This paper discusses Health problems of adolescents (13-19 years) from the perspective of the five purposes of the Law, maqasid al shari’at. The purpose of protection of diin, maqsadhifdh al ddiin, relates to adolescent identity crises, role ambiguity, and marginalizing spirituality. The purpose of protection of life, maqsadhifdh alnafs, relates to protecting and promoting physical health of adolescents.This purpose also relates to the limited competence of adolescents in medical decisions due to an immature brain. The purpose of protecting progeny, maqsadhifdh al nasl, relates to sexual and reproductive health education for adolescents. The purpose of protecting the mind, maqsadhifdh al ‘aql, relates to adolescent problems of depression, suicide, para-suicide, addictions (nicotine, alcohol, and drugs), and juvenile delinquency. The paper suggests social engineering practical measures to deal with adolescent problems consisting of cognitive approaches, faith (iman) therapy, early marriage with contraception, living in extended family for psychological support and enhancing youth esteem.

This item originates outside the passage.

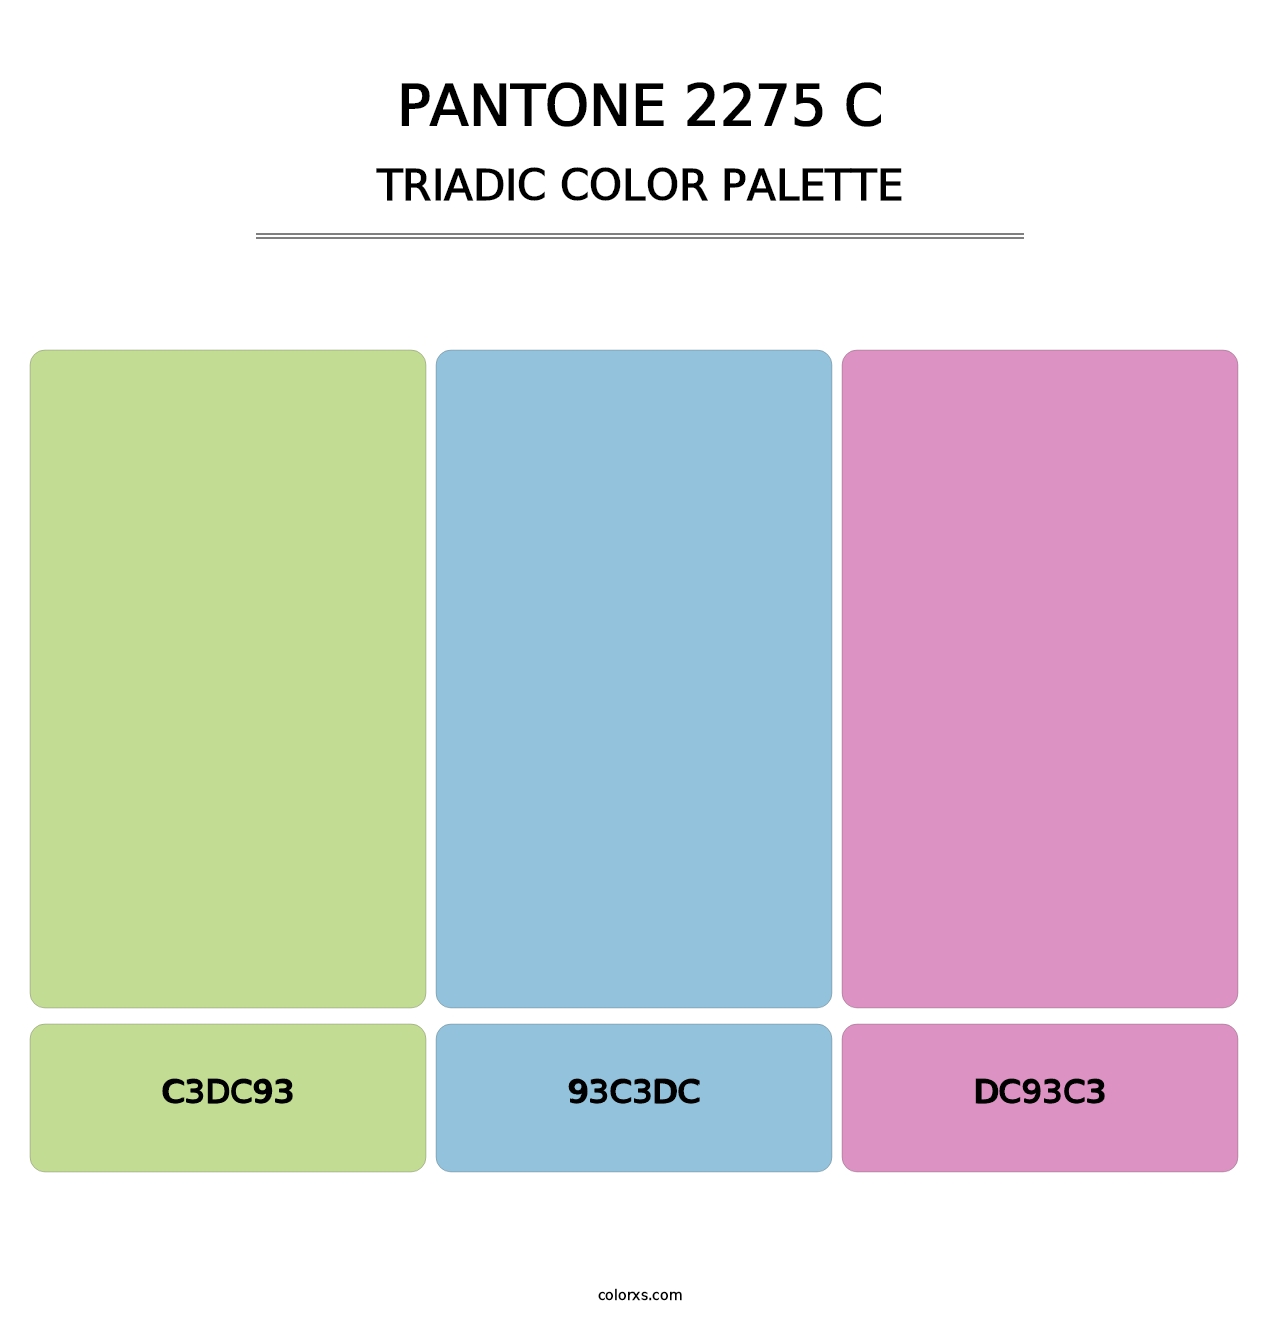 PANTONE 2275 C - Triadic Color Palette
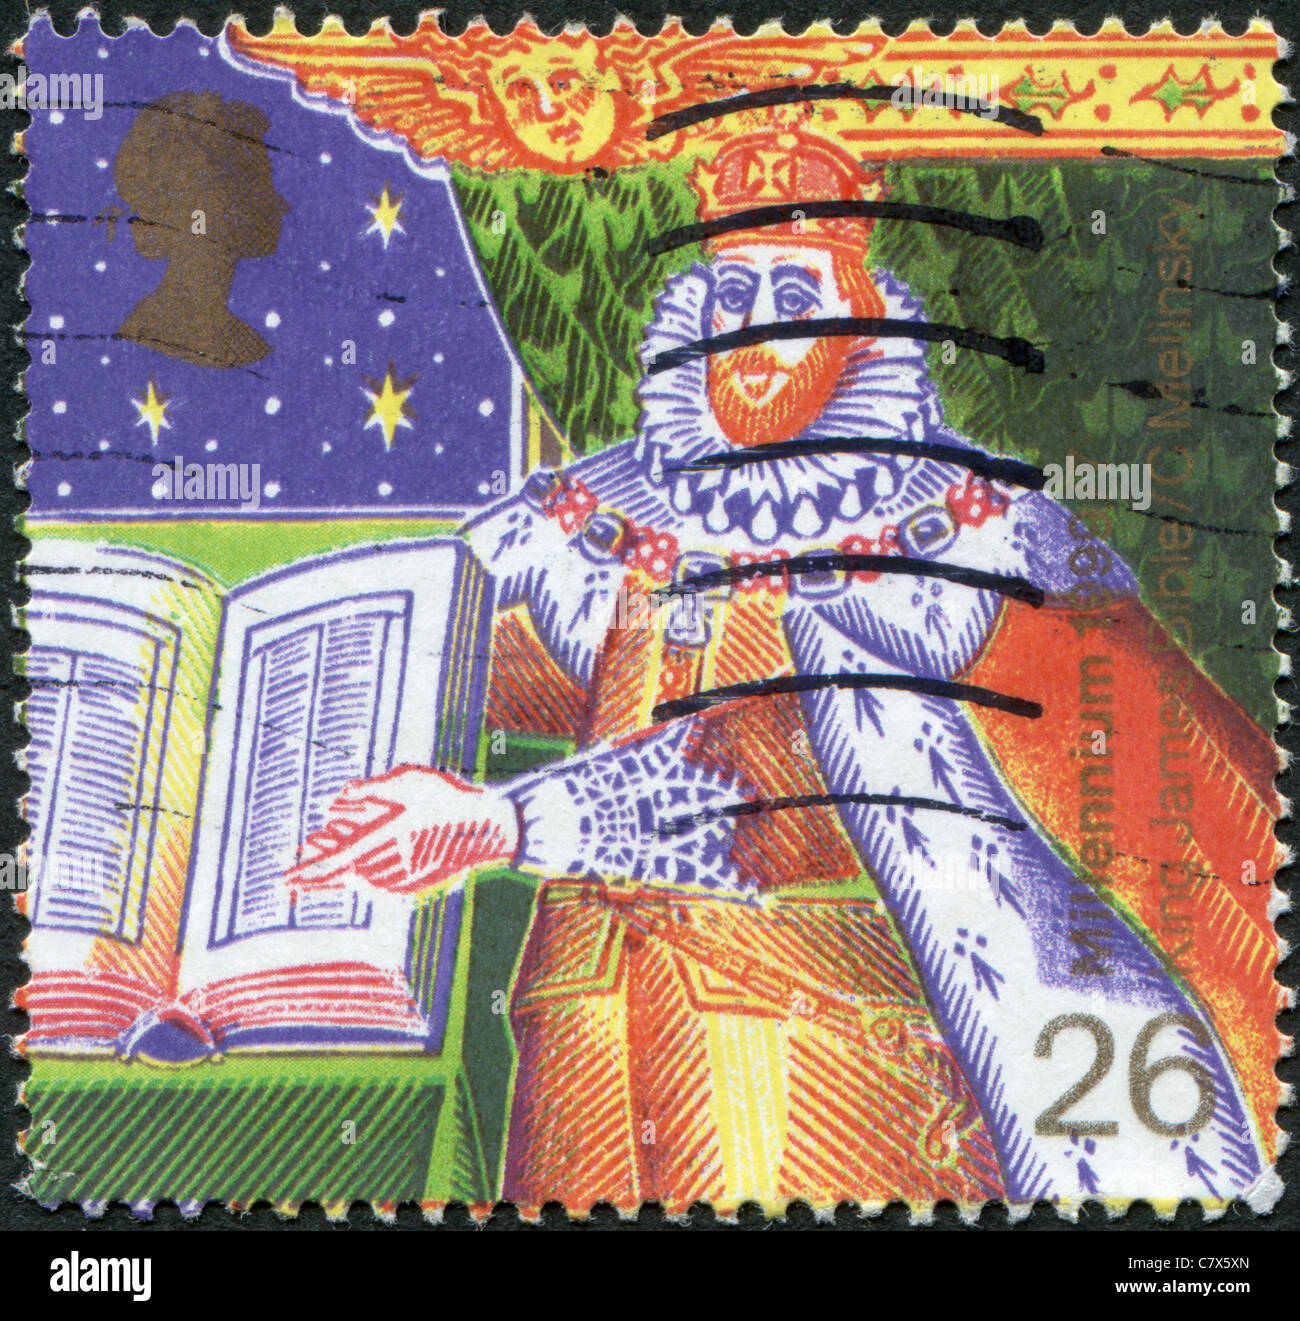 Reino Unido - 1999: un sello impreso en Inglaterra, muestra el rey James I de Inglaterra con la Biblia Foto de stock

Introduction to adolescence
The stages of the human life span are childhood, tufuulat; youth, shabaab; middle age, sinn al shudd;,[1]and old age, shaykhuukha[2]. Youth is divided into 2 stages: adolescence 13-19 years, and young adulthood 20-40 years. Adolescence starting at puberty is a rapid, complex, and difficult adaptive and adjustive changes in physically (height, weight, primary and secondary sexual characteristics) and behaviorally (emotions, thoughts, behavior, psychological, social, and moral). In the past the transition from childhood to adulthood was rapid and painless so that by about 15 years children became adults with puberty being a mark of adulthood. Today we have prolonged childhood up to the age of 20 and more with a long transition full of psychosocial problems.

Methods
Adolescent health problems and associated factors were classified and discussed under the 5 purposes of the Law, maqasid al shari’at[3], to provide an intellectual context for their further analysis and solution. The 5 purposes are: protection of diin, hifdh al ddiin; protection of life, hifdh al nafs; protection of progeny, hifdh al nasl; protection of the mind, hifdh al ‘aql; and protection of wealth, hifdh al maal.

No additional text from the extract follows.